Planning a (very) roundabout route between Andorra and France. i am settled on Rioja as a target . Anyone been ? Anything not to miss or avoid ? End september / early October .
Gracias


----------



## jiwawa

Tasting the wine seems like a good idea!


----------



## suedew

Don't miss Haro and the wine tasting. Capital of the region, campsite is ACSI has good facilities we will be back later this year as we didn't give ourselves enough time.

Sue


----------



## bigfrank3

Go for the aged reds


----------



## listerdiesel

We went to Northern Spain three times, stayed just outside Logroño at Navarette, lovely area, loads of wine available almost anywhere, big selection.

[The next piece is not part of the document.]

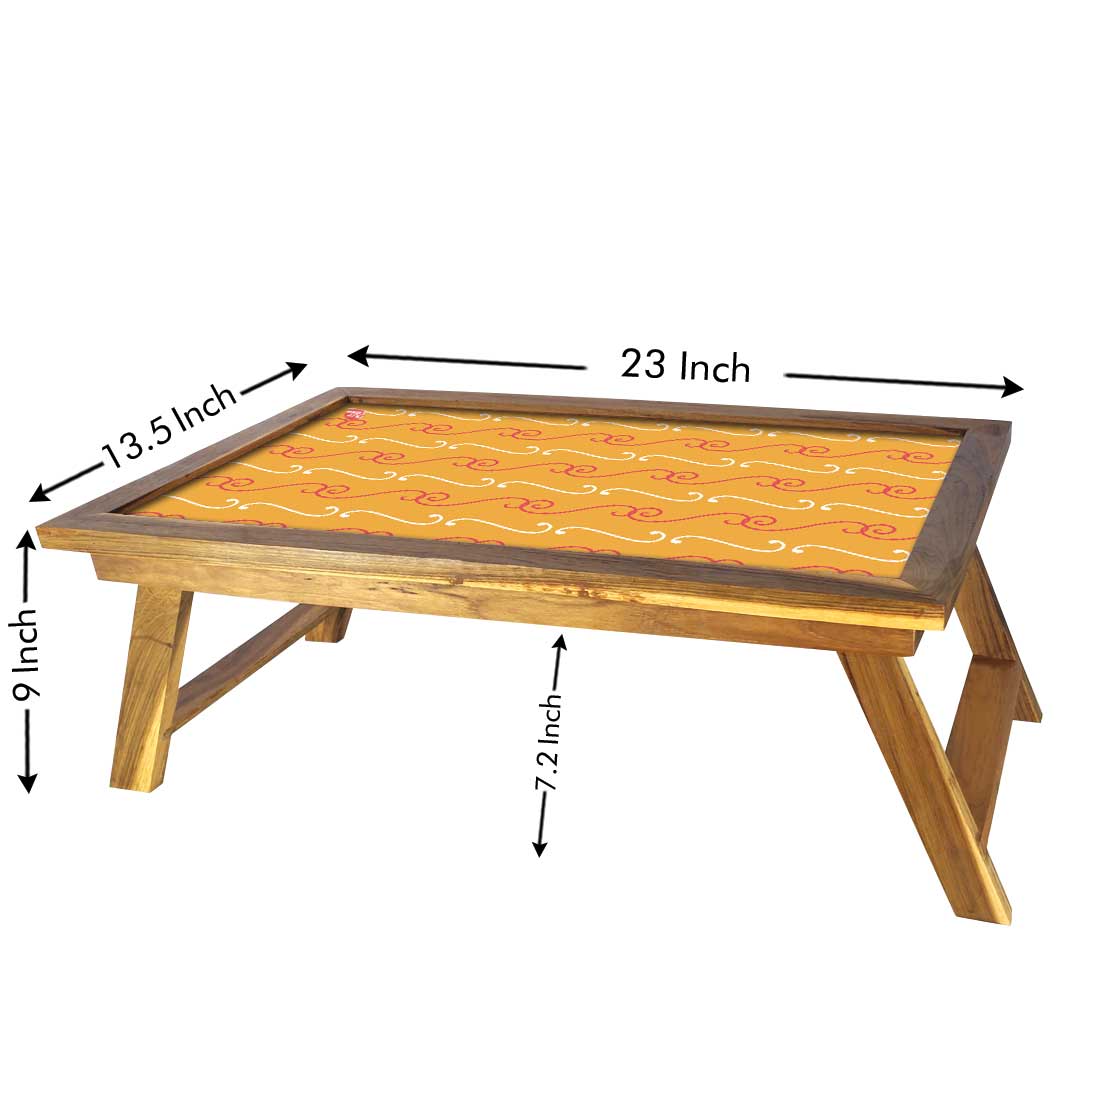 Nutcase Folding Laptop Table For Home Bed Lapdesk Breakfast Table Foldable Teak Wooden Study Desk - Ethnic Pattern Orange Nutcase

Nice part of the world at this time of year.

Peter


----------



## blondel

Another vote for Haro and the ACSI campsite. Lovely little town within easy walking distance (if a bit of a steep hill into it - still it is all downhill on the way back :wink: )


----------



## organplayer

*Organplayer*

Agree with all that's been stated about the region and Haro in particular. We were there in sunny warm weather early Spring this year and purchased a 15 litre box of super duper red wine to celebrate our 50th wedding anniversary few weeks ago.


----------



## salomon

Thanks.
Had planned on Lagroño and Haro anyway so seems Haro has a vote. You mention ASCI, which we dont do or have. Any one just park up or wild camp ?

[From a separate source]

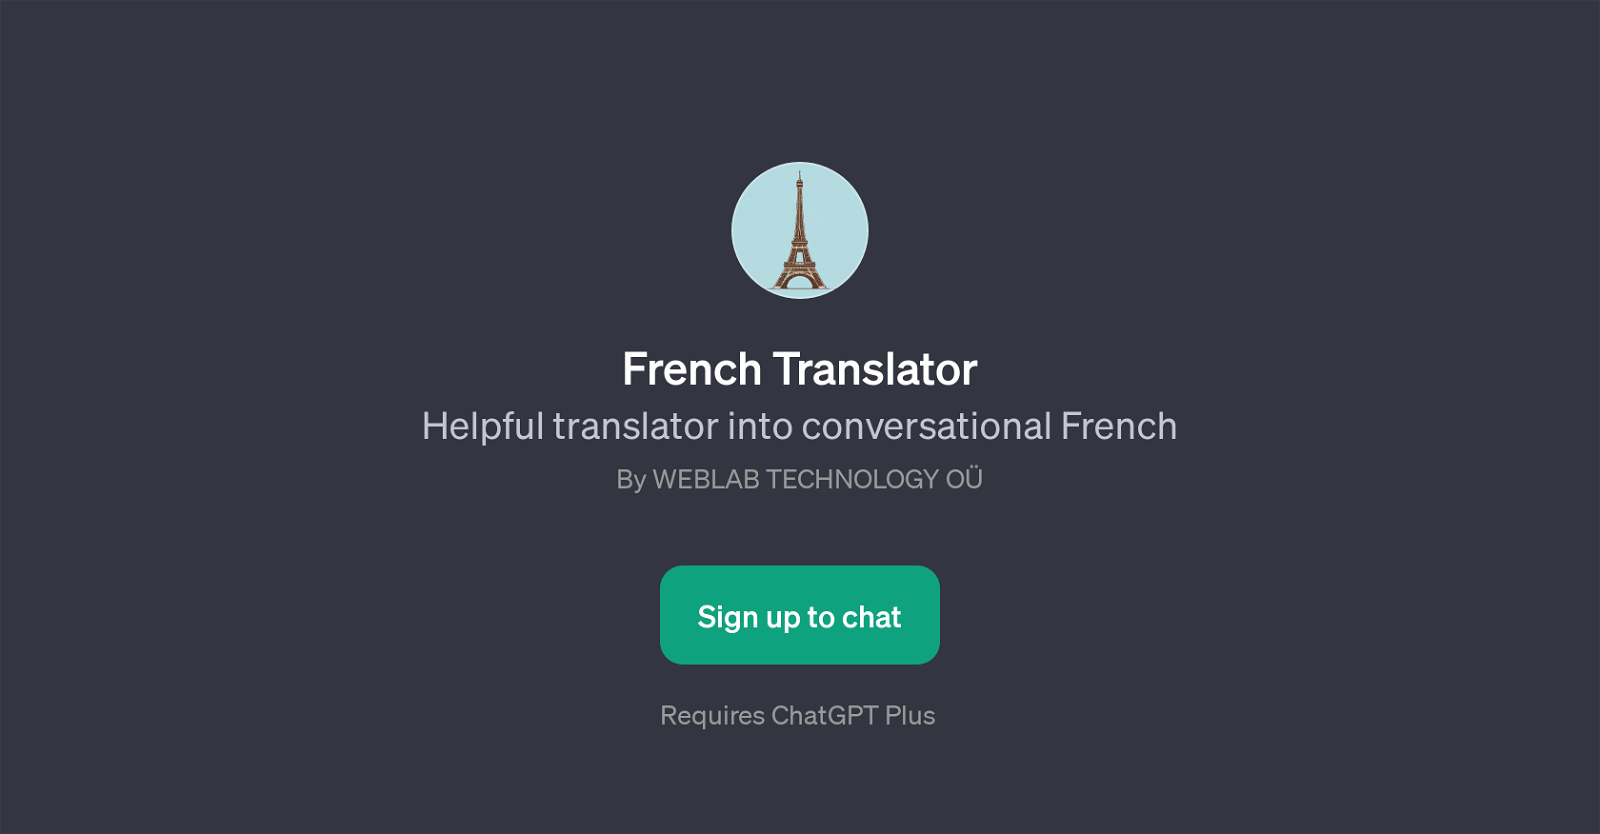 French Translator website

And we know reds very well in Andorra. Crianza, Reserva, gran reserva. Love em all


----------



## HermanHymer

suedew said:


> Don't miss Haro and the wine tasting. Capital of the region, campsite is ACSI has good facilities we will be back later this year as we didn't give ourselves enough time.
> 
> Sue


Ditto - but check if its open still at that time. there is a big parking near the campsite which is used as an aire. Search posts there was info on it a while back. Sorry I would help search but in McDo's and have to go.


----------



## vicdicdoc

bigfrank3 said:


> Go for the aged reds


After a few glasses -DON'T go for the local ageing redheads - they'll be used to the booze & will drink you under the table :lol:


----------



## peejay

> *salomon wrote :-*Thanks.
> Had planned on Lagroño and Haro anyway so seems Haro has a vote. You mention ASCI, which we dont do or have. Any one just park up or wild camp ?

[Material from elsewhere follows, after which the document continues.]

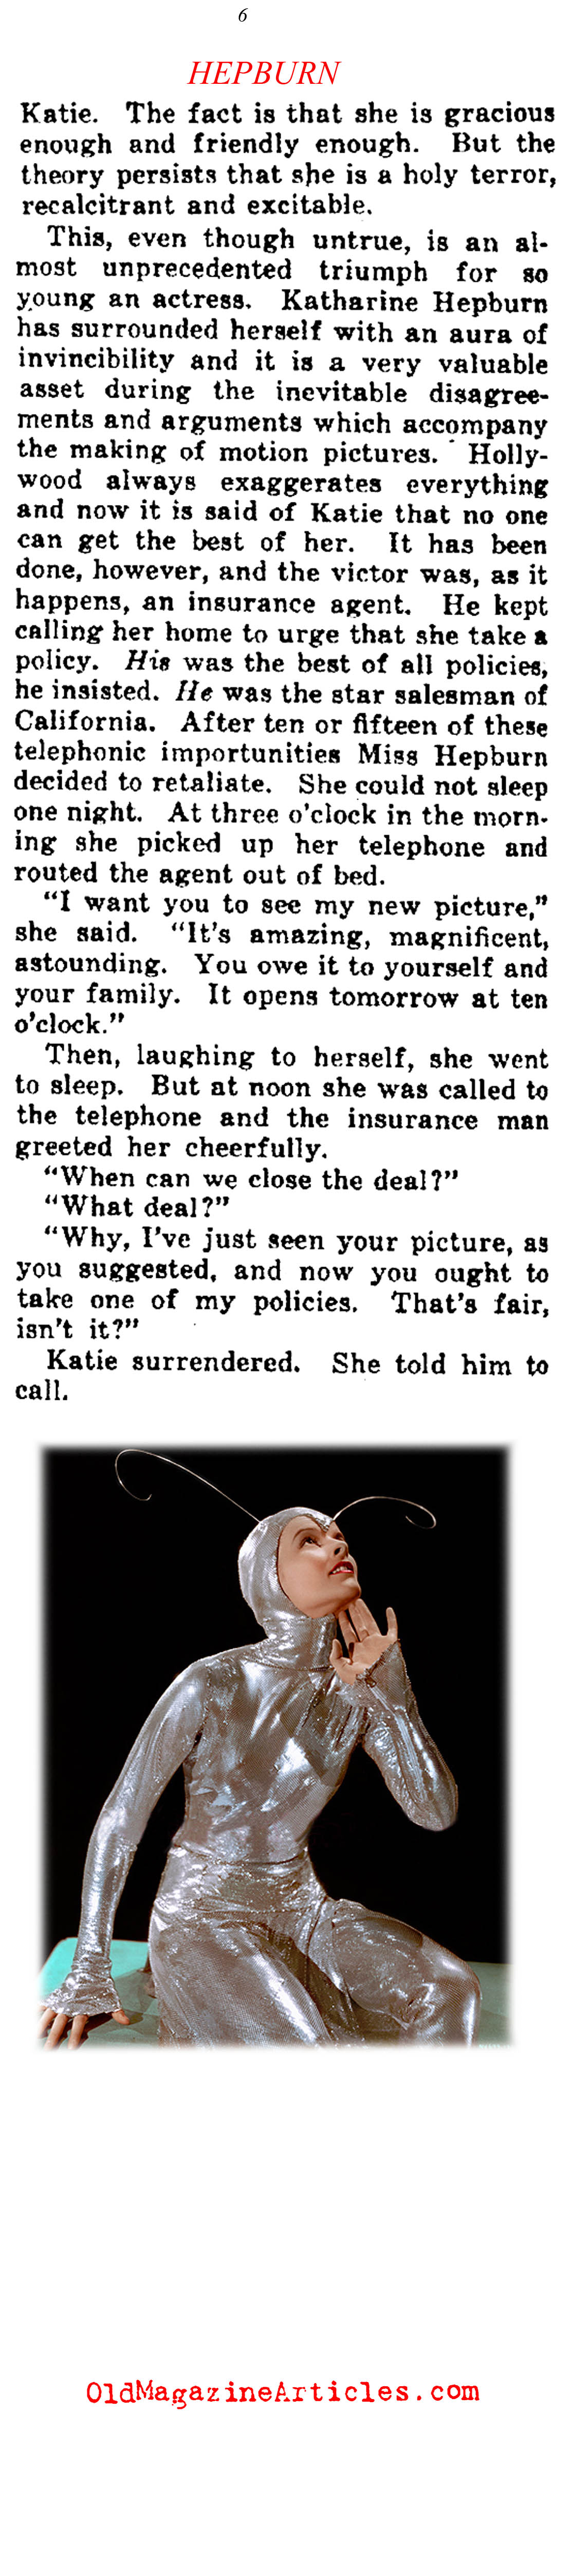 One of the First Katherine Hepburn Interviews (Collier's Magazine, 1933)

According to Furgovw.org there is a wildspot in the Fuento del Moro leisure area just to the west of Haro, not used it myself but it looks ok.

42.573089 -2.864428

http://www.furgovw.org/index.php?topic=152188.0

There is also a free aire to the north at Miranda de Ebro, ok to service the van but not particularly picturesque and a bit noisy for an overnight...

42.688457 -2.954686

http://www.motorhomefacts.com/modules.php?name=Campsites&op=display_results&csid=12064

Pete


----------